▶ [WHAT NEEDS TO BE DONE]: Omitting all images, transcribe the listing word for word.

▶ [COLLECTED DATA]:
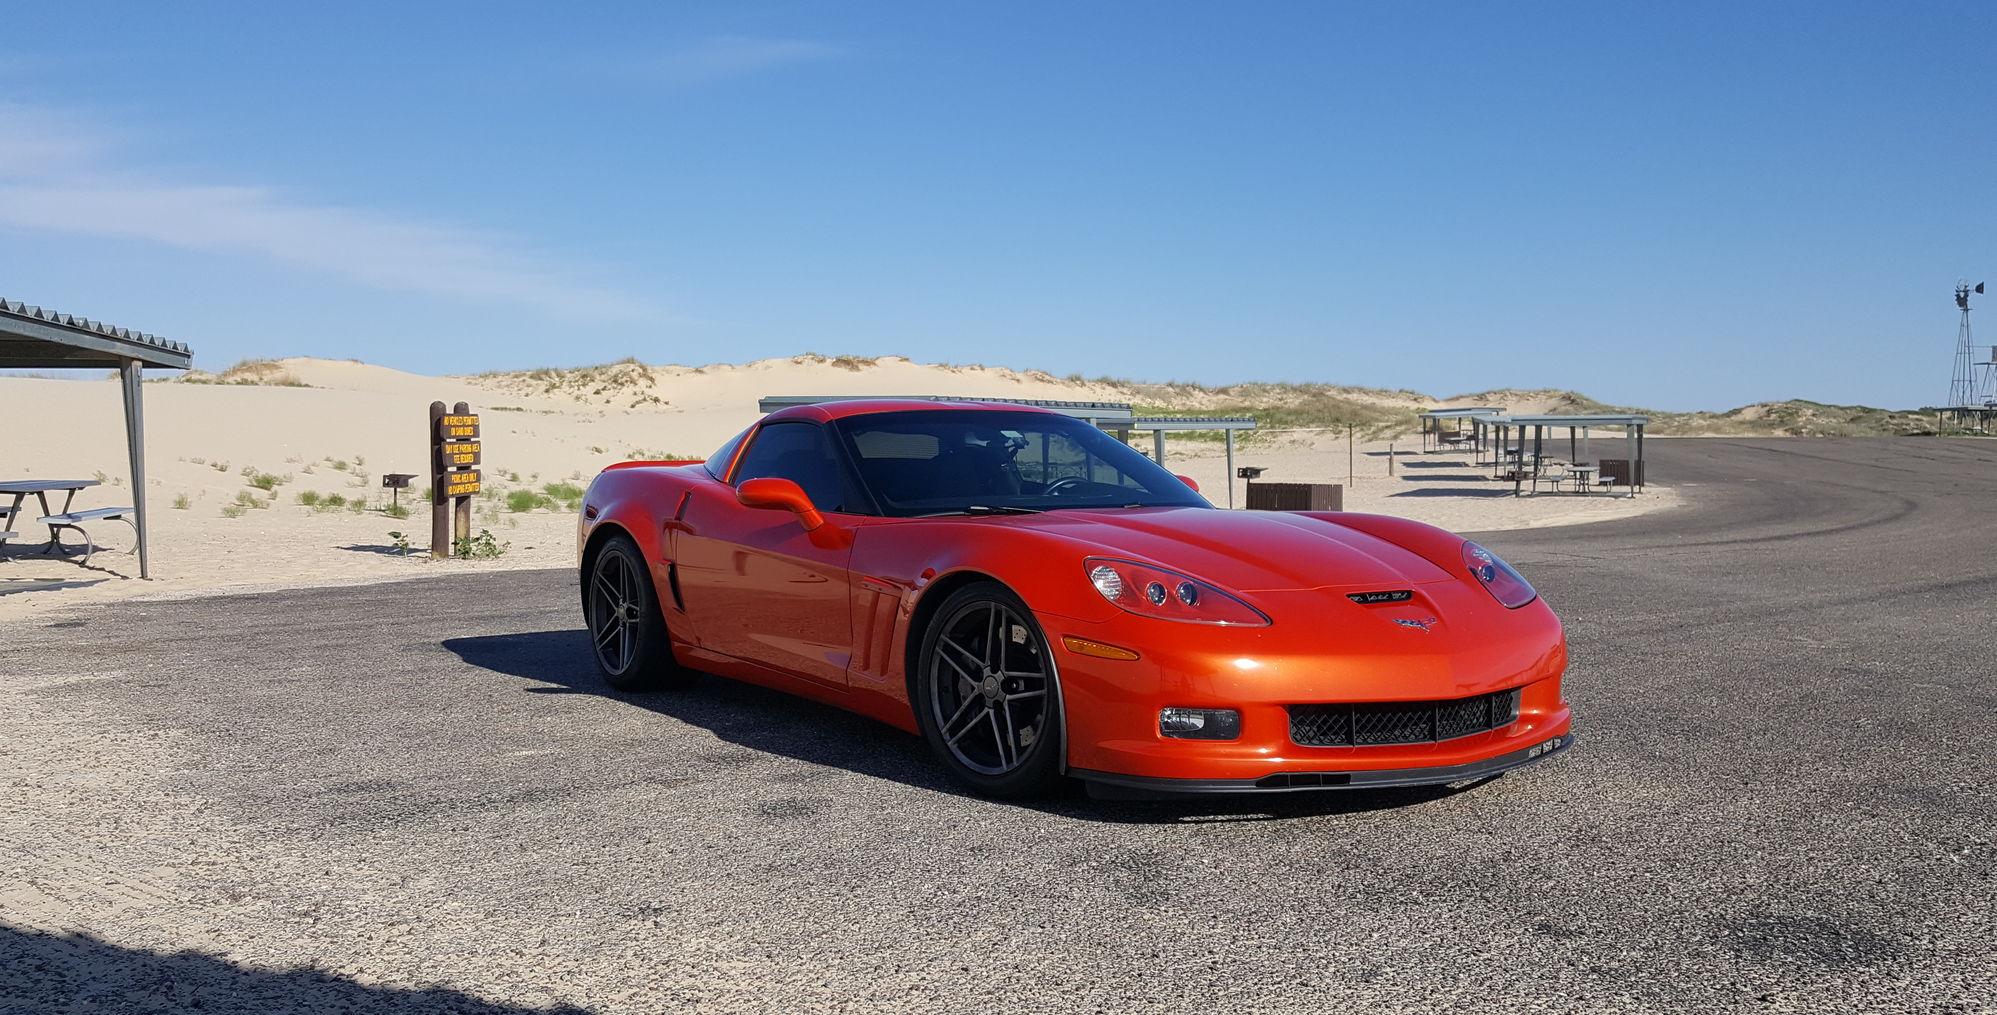 centenial grand sport corvette for sale autos post. Black Bedroom Furniture Sets. Home Design Ideas
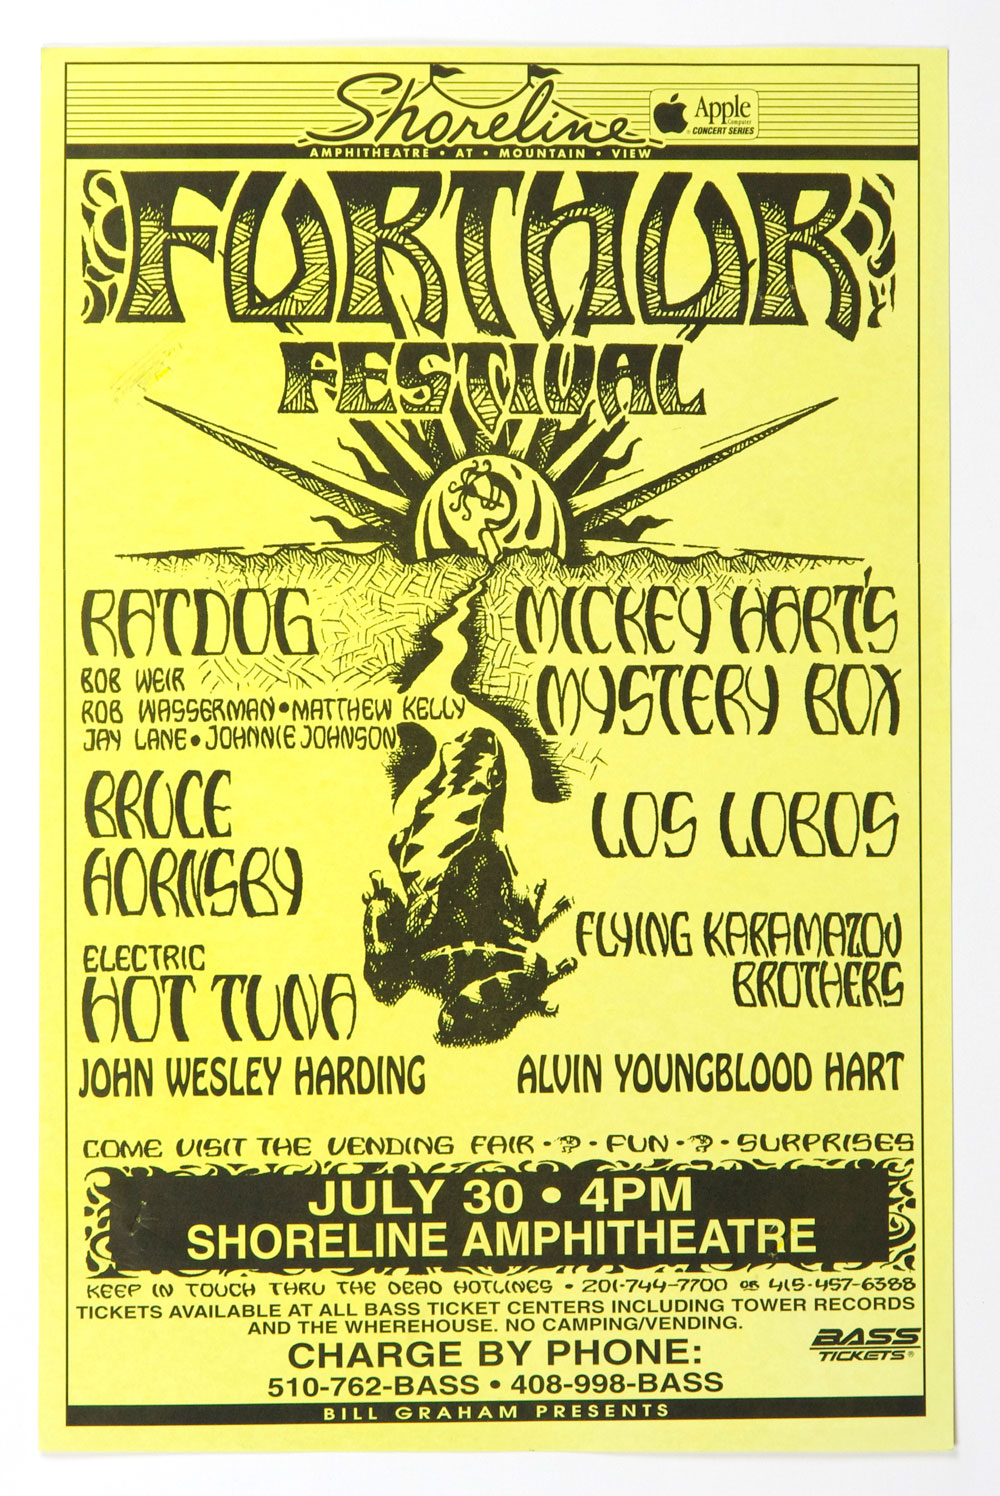 Bob Weir Mickey Hart Poster 1996 Jul 30 Shoreline Amphitheatre
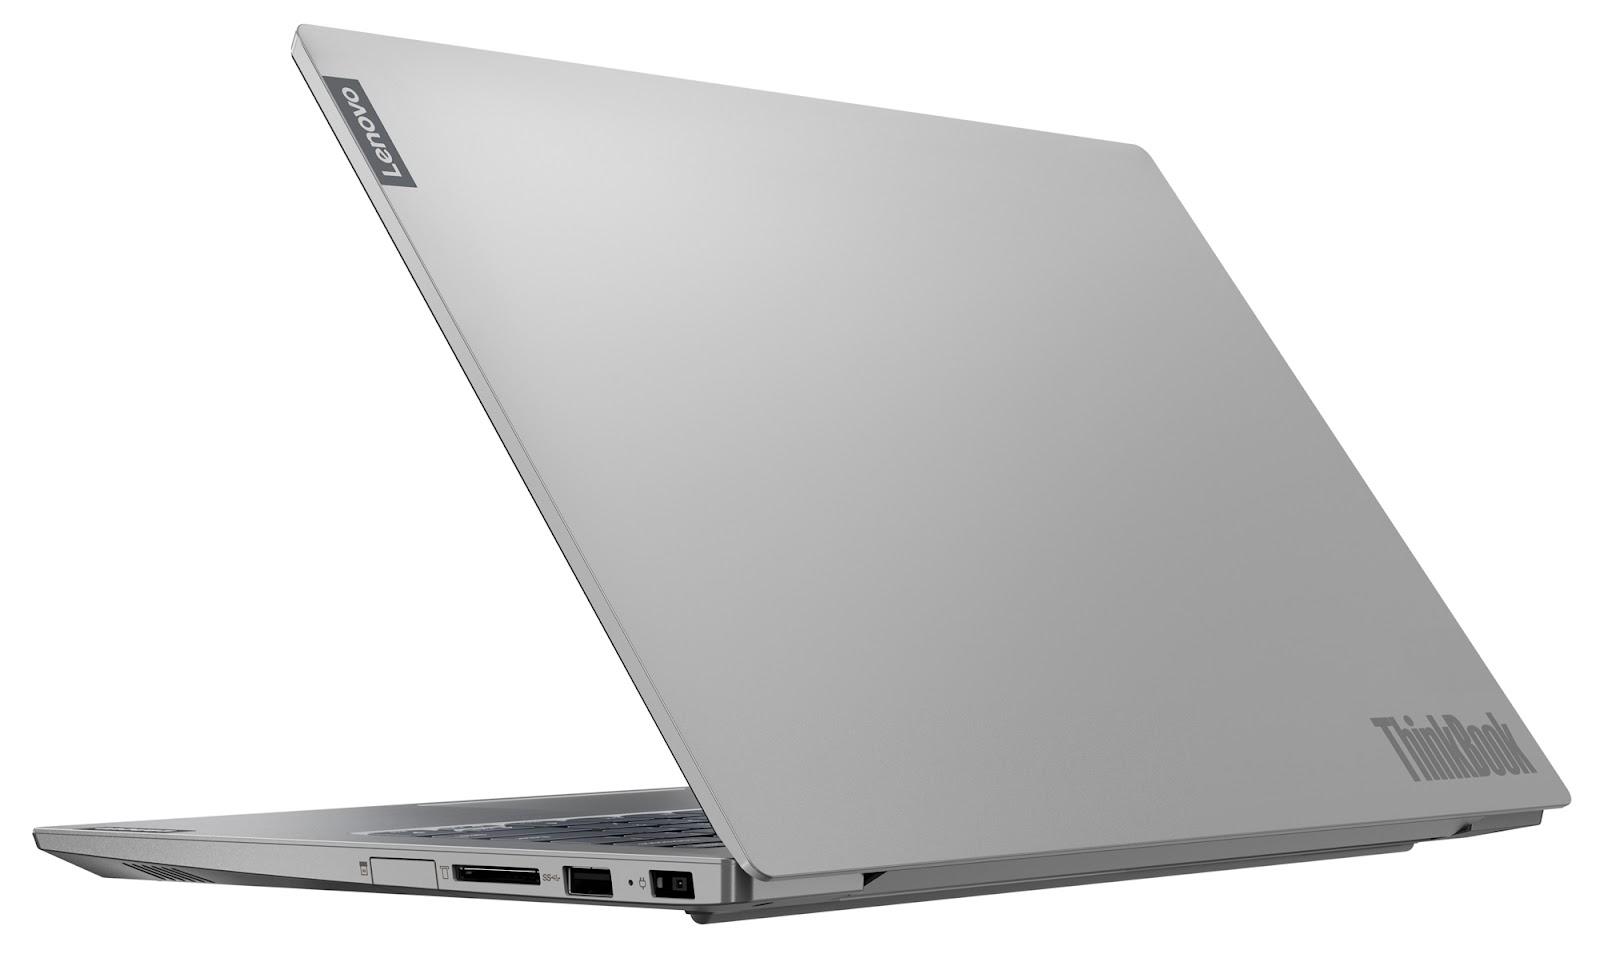 Фото 2. Ноутбук Lenovo ThinkBook 14 IIL (20SL00F5RU)

▶ [WRITTEN ANSWER]:
 centenial grand sport corvette for sale autos post. Black Bedroom Furniture Sets. Home Design Ideas
 Bob Weir Mickey Hart Poster 1996 Jul 30 Shoreline Amphitheatre
 Фото 2. Ноутбук Lenovo ThinkBook 14 IIL (20SL00F5RU)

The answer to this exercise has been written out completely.